The man holding me tightened his grip and a web of pain spread through my shoulders. “Enough from you, kiddo,” he said.
And then, out of nowhere, Gay’s voice: “What’s going on up there? Are you all right, L.J.?”
“Gay!” I shouted, writhing. “They’re taking me back!” I managed to maneuver the man holding me out onto the balcony. Gay was with Edward, stopped just below my room.
“Who is that down there?” Melanie said, coming out onto the balcony.
“Well, well. I thought we’d never get the pleasure,” said Gay. “I have a bone to pick with you, Nancy.”

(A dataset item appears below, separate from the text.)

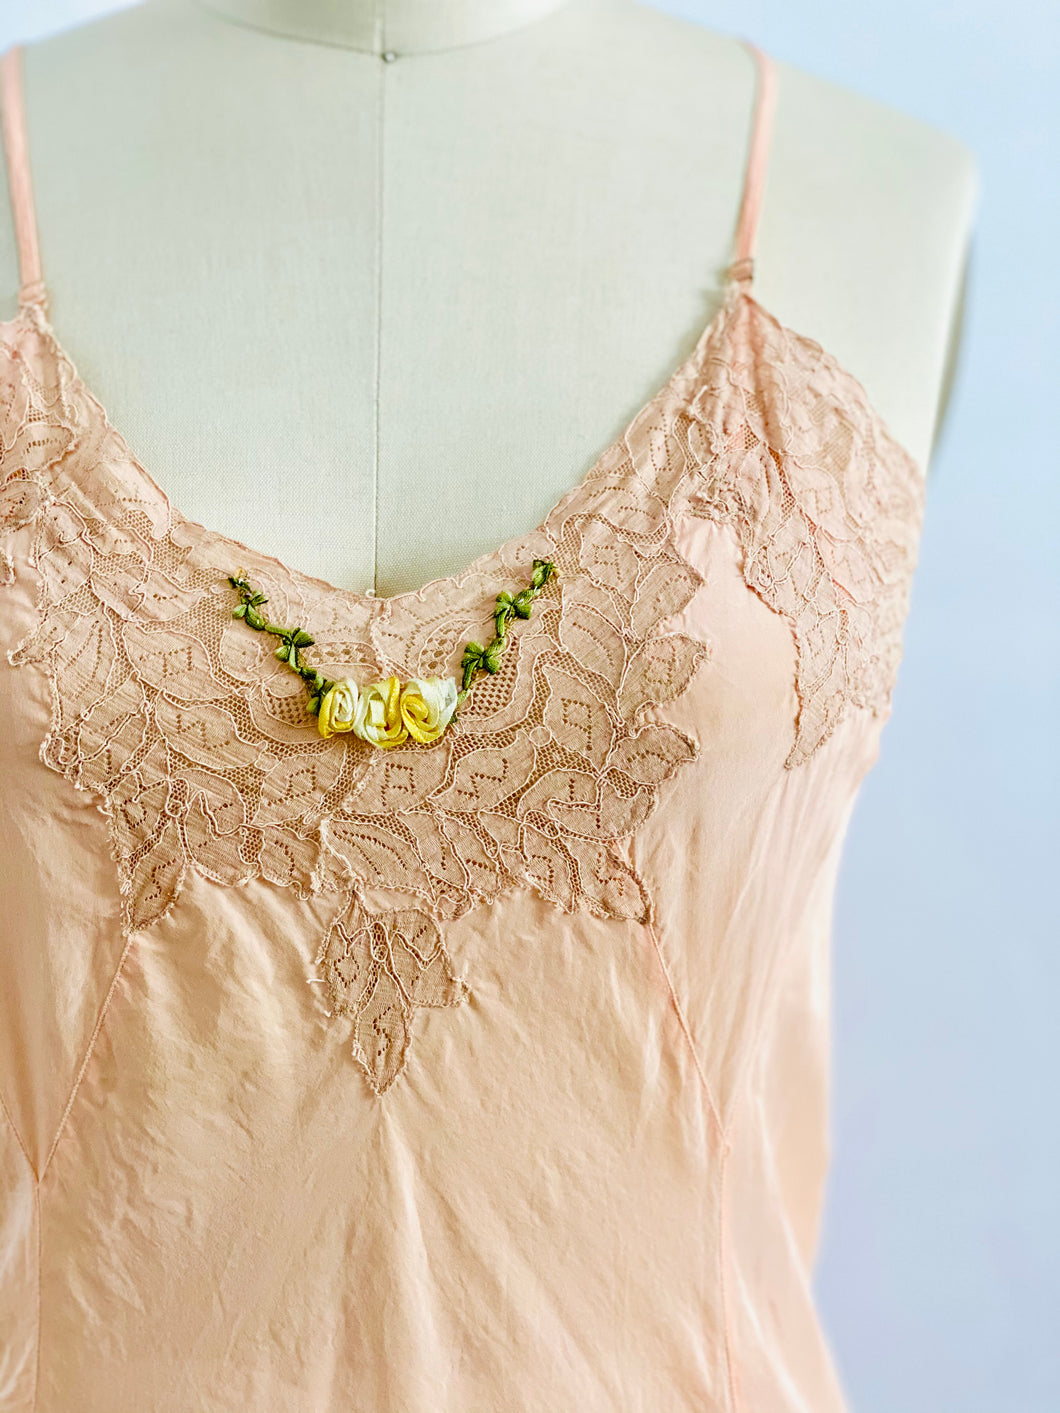 Vintage 1930s peach lingerie slip with ribbonwork flowers
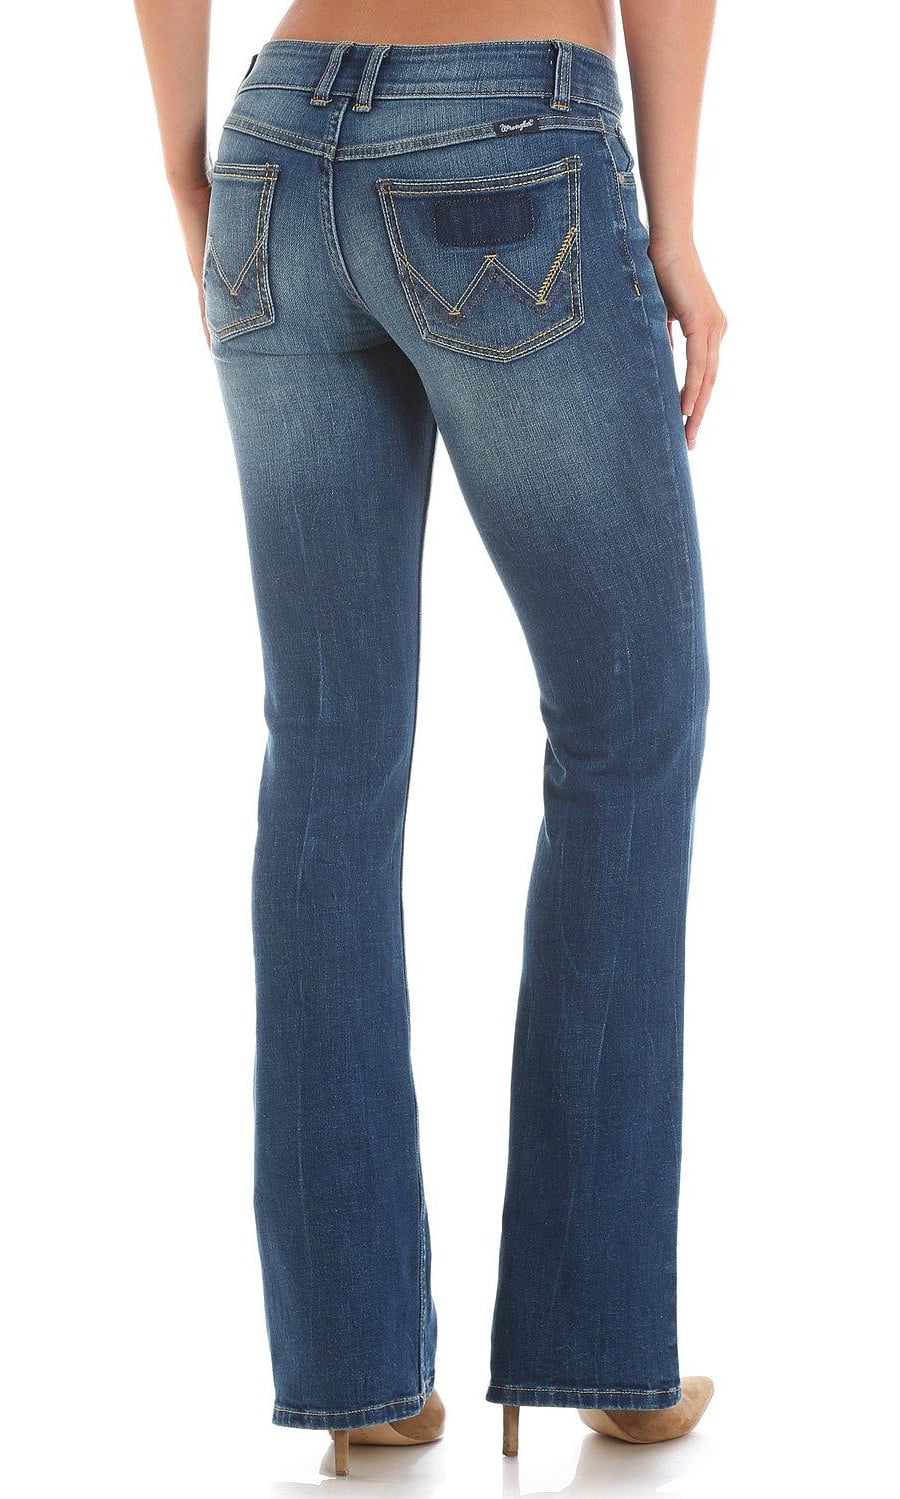 Wrangler Women's Indigo Retro Sadie Jeans Boot Cut - 07Mwzmd - Walmart.com

“Is he talking to me?” Melanie’s eyes darted back and forth between Gay and me. “Please go away!” she called down.
“Not until you leave L.J. alone. He’s through with you. You and your family are out of his life forever.”
“Please, this is our business!” she said.
“No, Nancy, it’s my business when your goons treat my friend like he’s your property! It’s my business when you stop my friend from making his own decisions!”
“Who is he?” Melanie said to me. “How does he know about our family?” She had the wild look on her face of one of those children at the Home Wrecker.
“Shut up, gimp!” said the man holding me.
“You watch your mouth!” said Edward.
“How do you know what’s best for him?” said Melanie. “He doesn’t even know what’s best for himself right now!”
“He knows what’s not best for him,” said Gay. “And that’s enough for me.”
“We’re his family,” said Melanie, her hands gripping the rail. “We love him. We’re bringing him home because we love him.”
“If you really loved him you’d let him go.”